Your objective:
With the pictures omitted, set down exactly the lines from the one that contains "Reversible belt in" through the last line of the data.

Data provided:

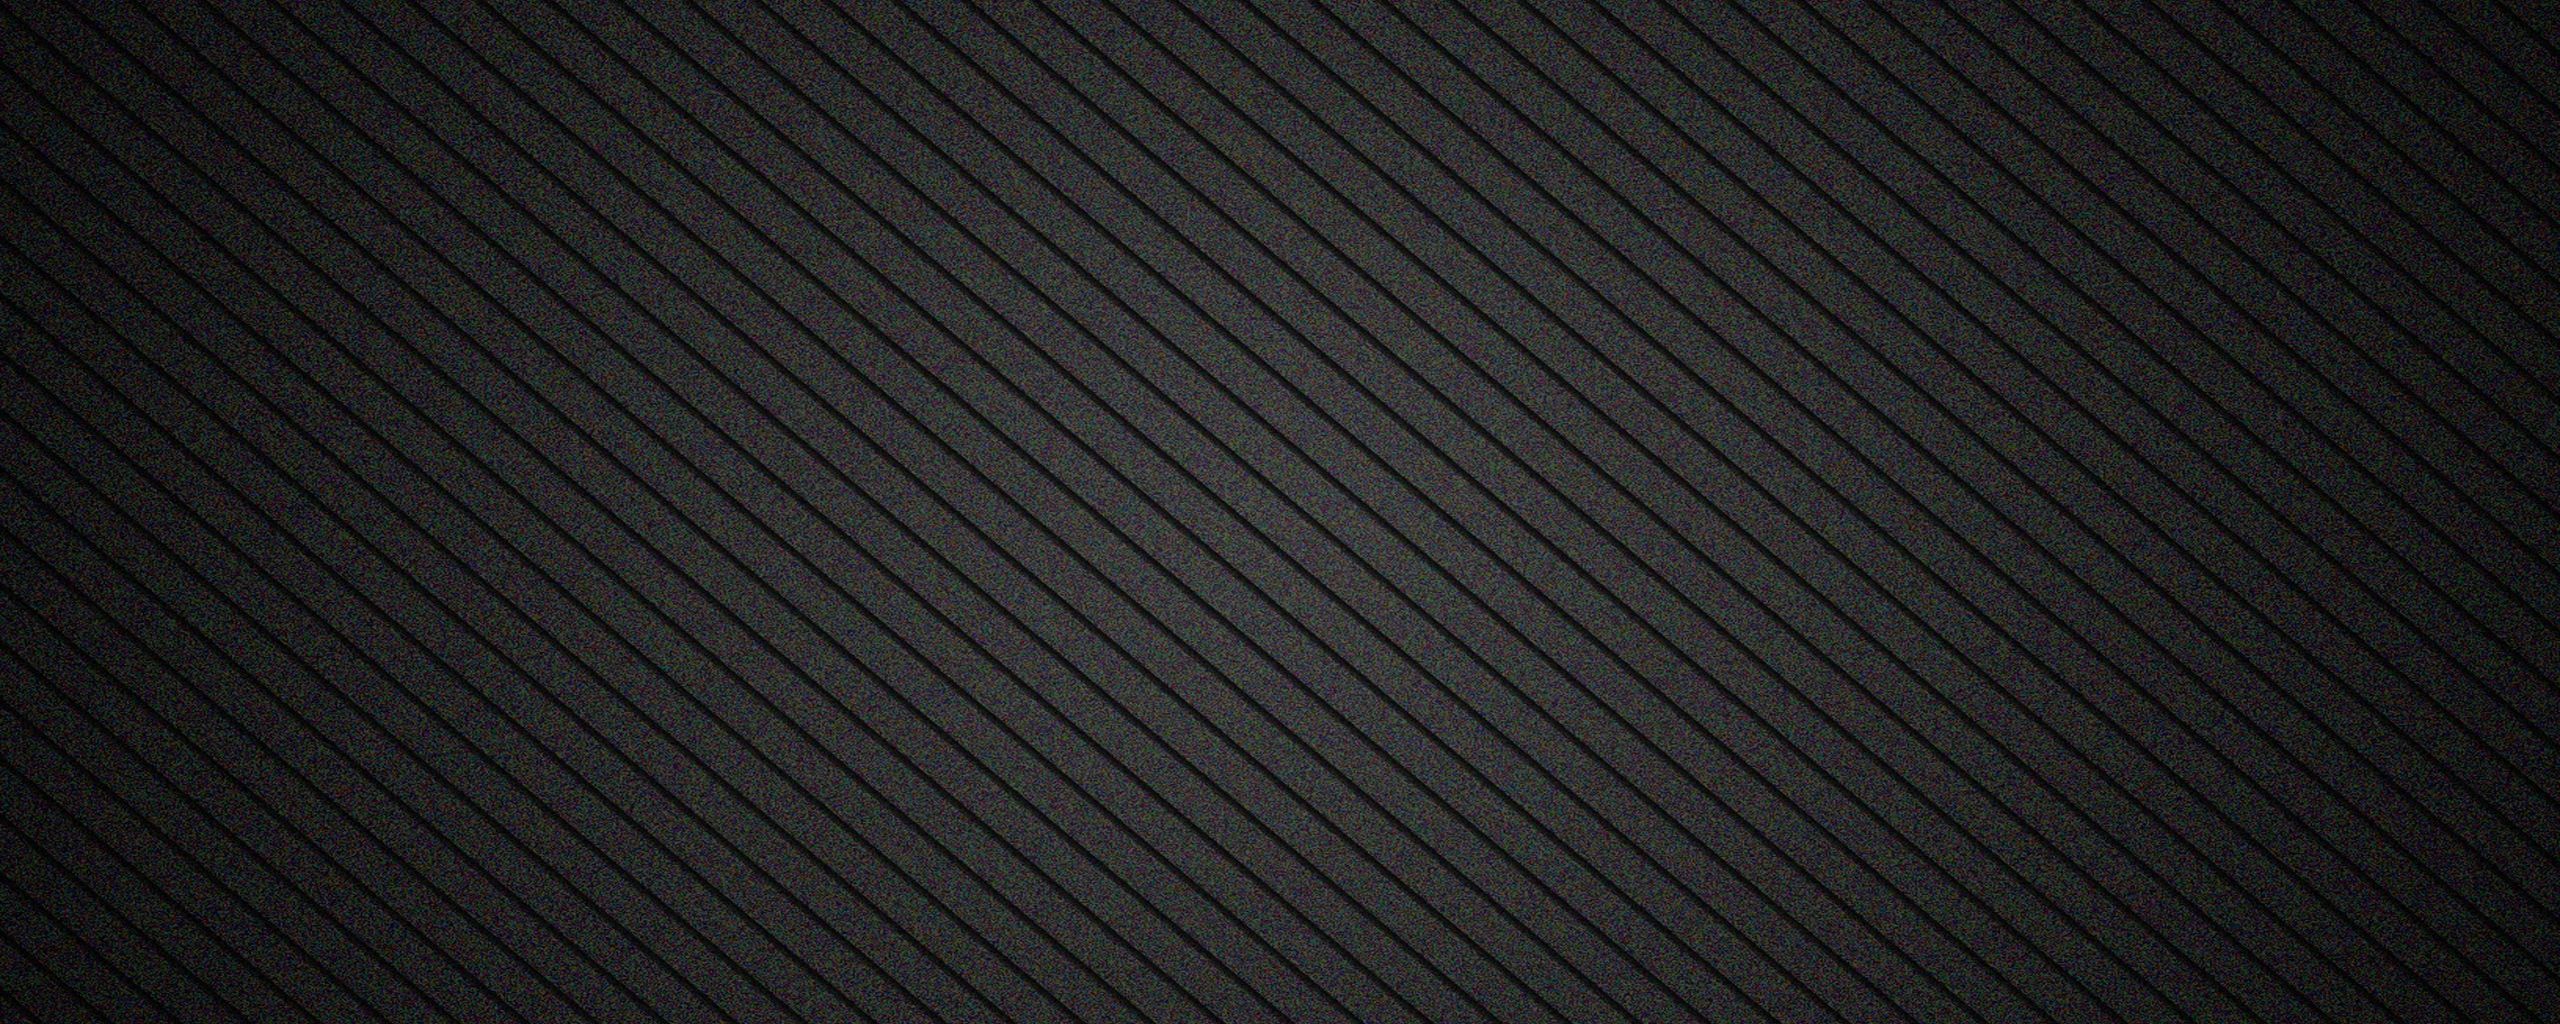 Download Wallpaper 2560x1024 Texture, Stripes, Obliquely, Shadow ...
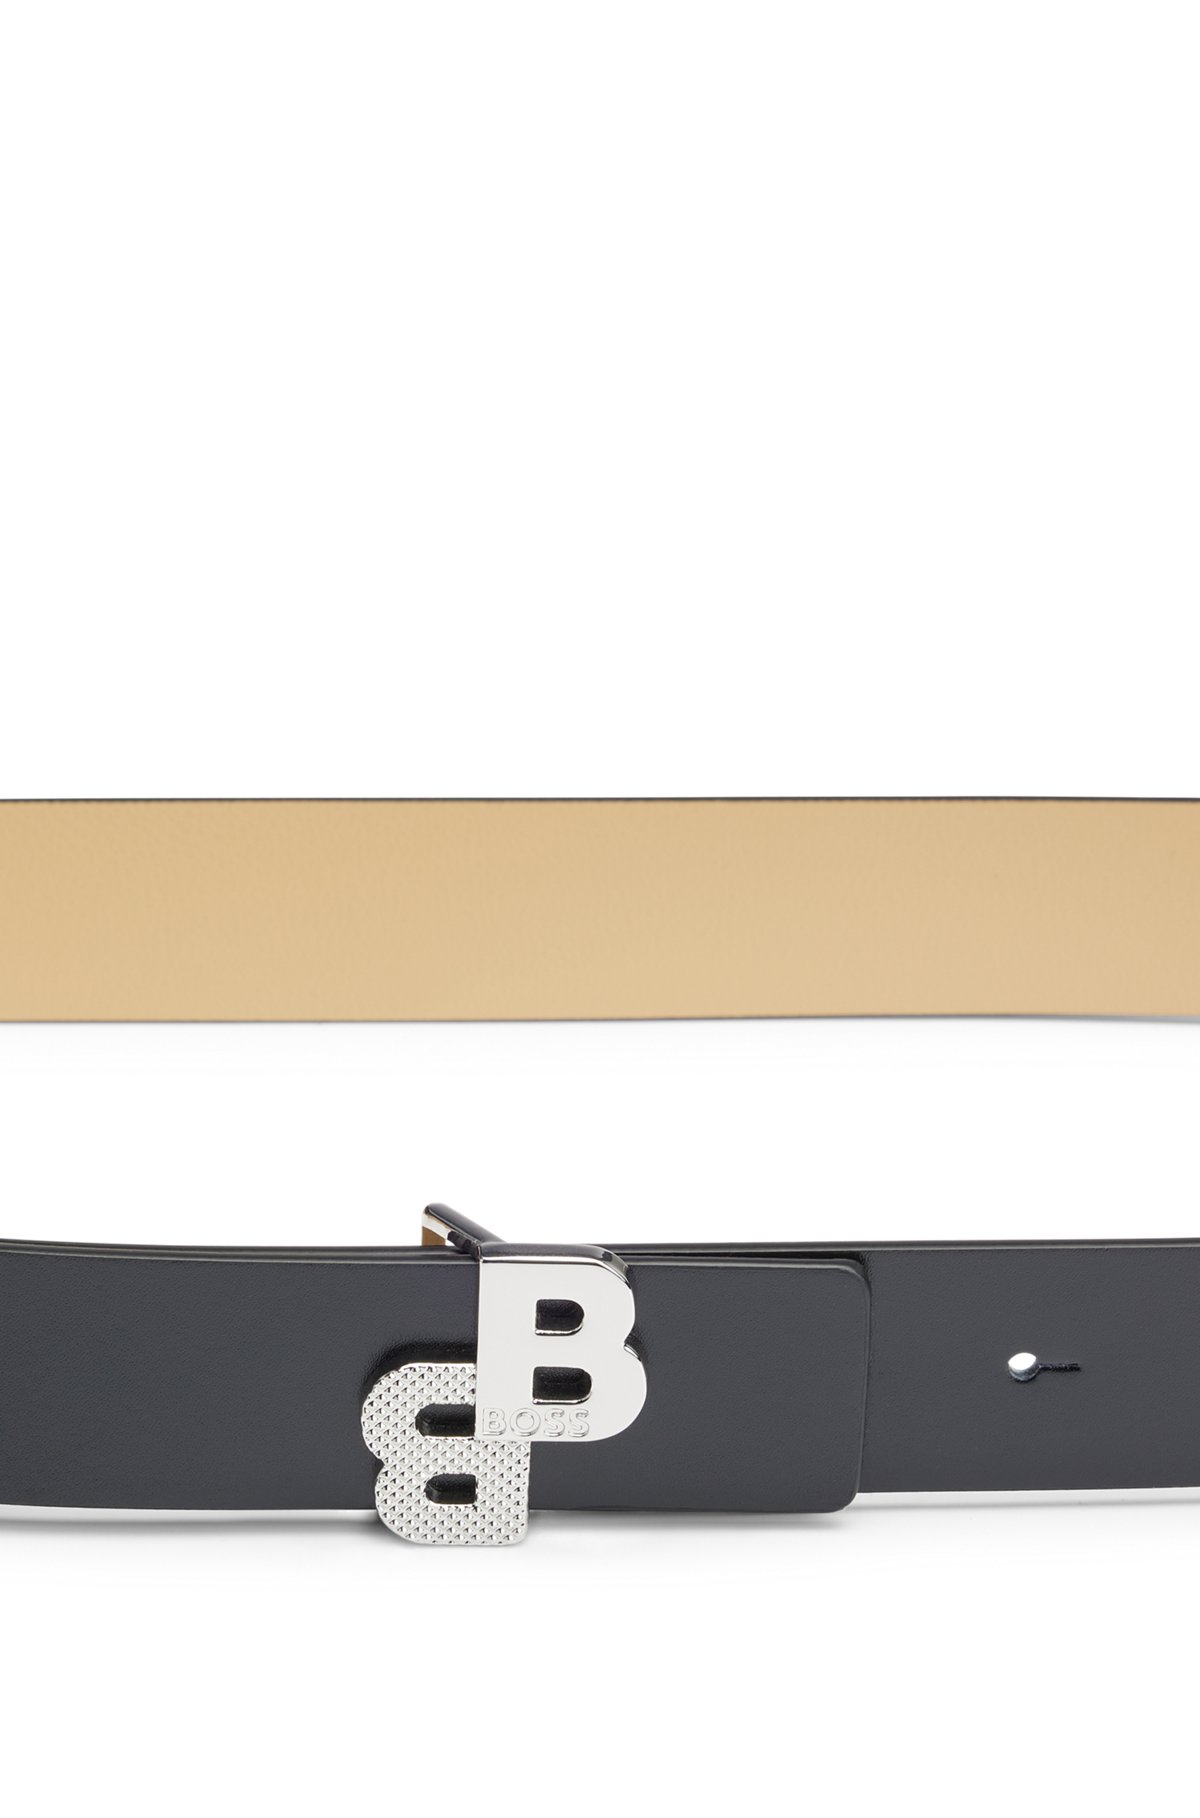 Reversible belt in Italian leather with monogram buckle, Black
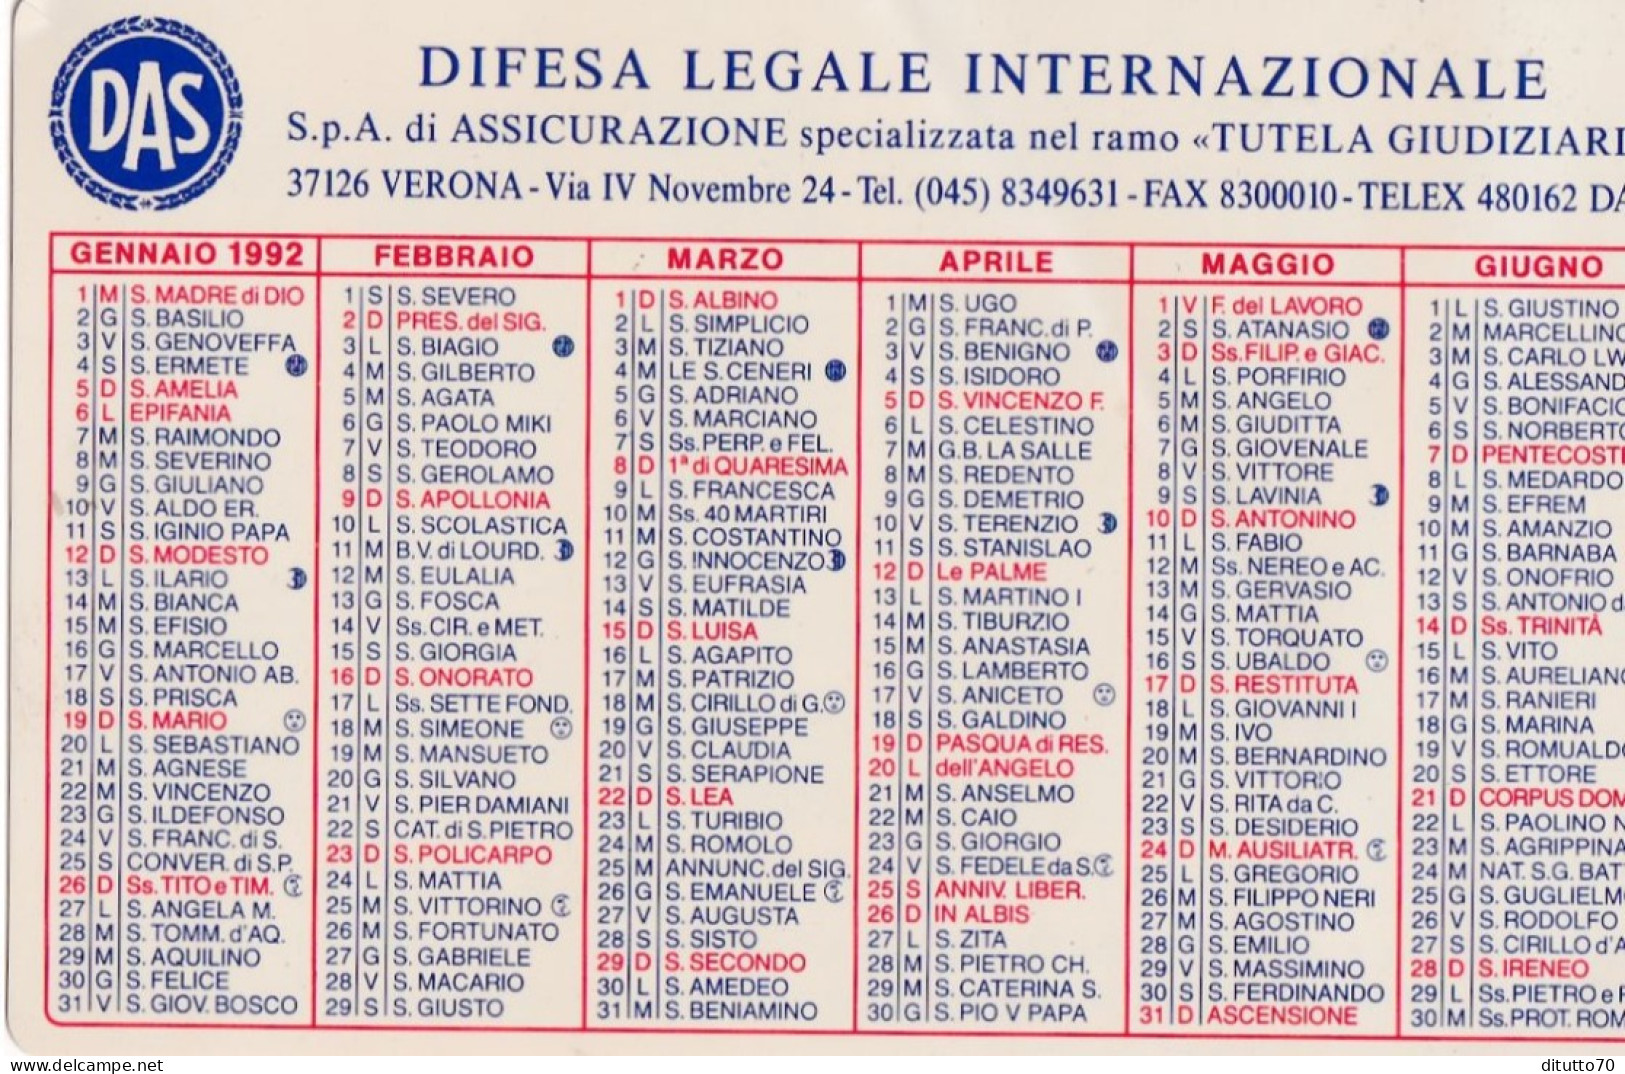 Calendarietto - DAS - Difesa Legale Internazionale - Verona - Anno 1992 - Petit Format : 1991-00

Result for this exercise:
 Reversible belt in Italian leather with monogram buckle, Black
 Calendarietto - DAS - Difesa Legale Internazionale - Verona - Anno 1992 - Petit Format : 1991-00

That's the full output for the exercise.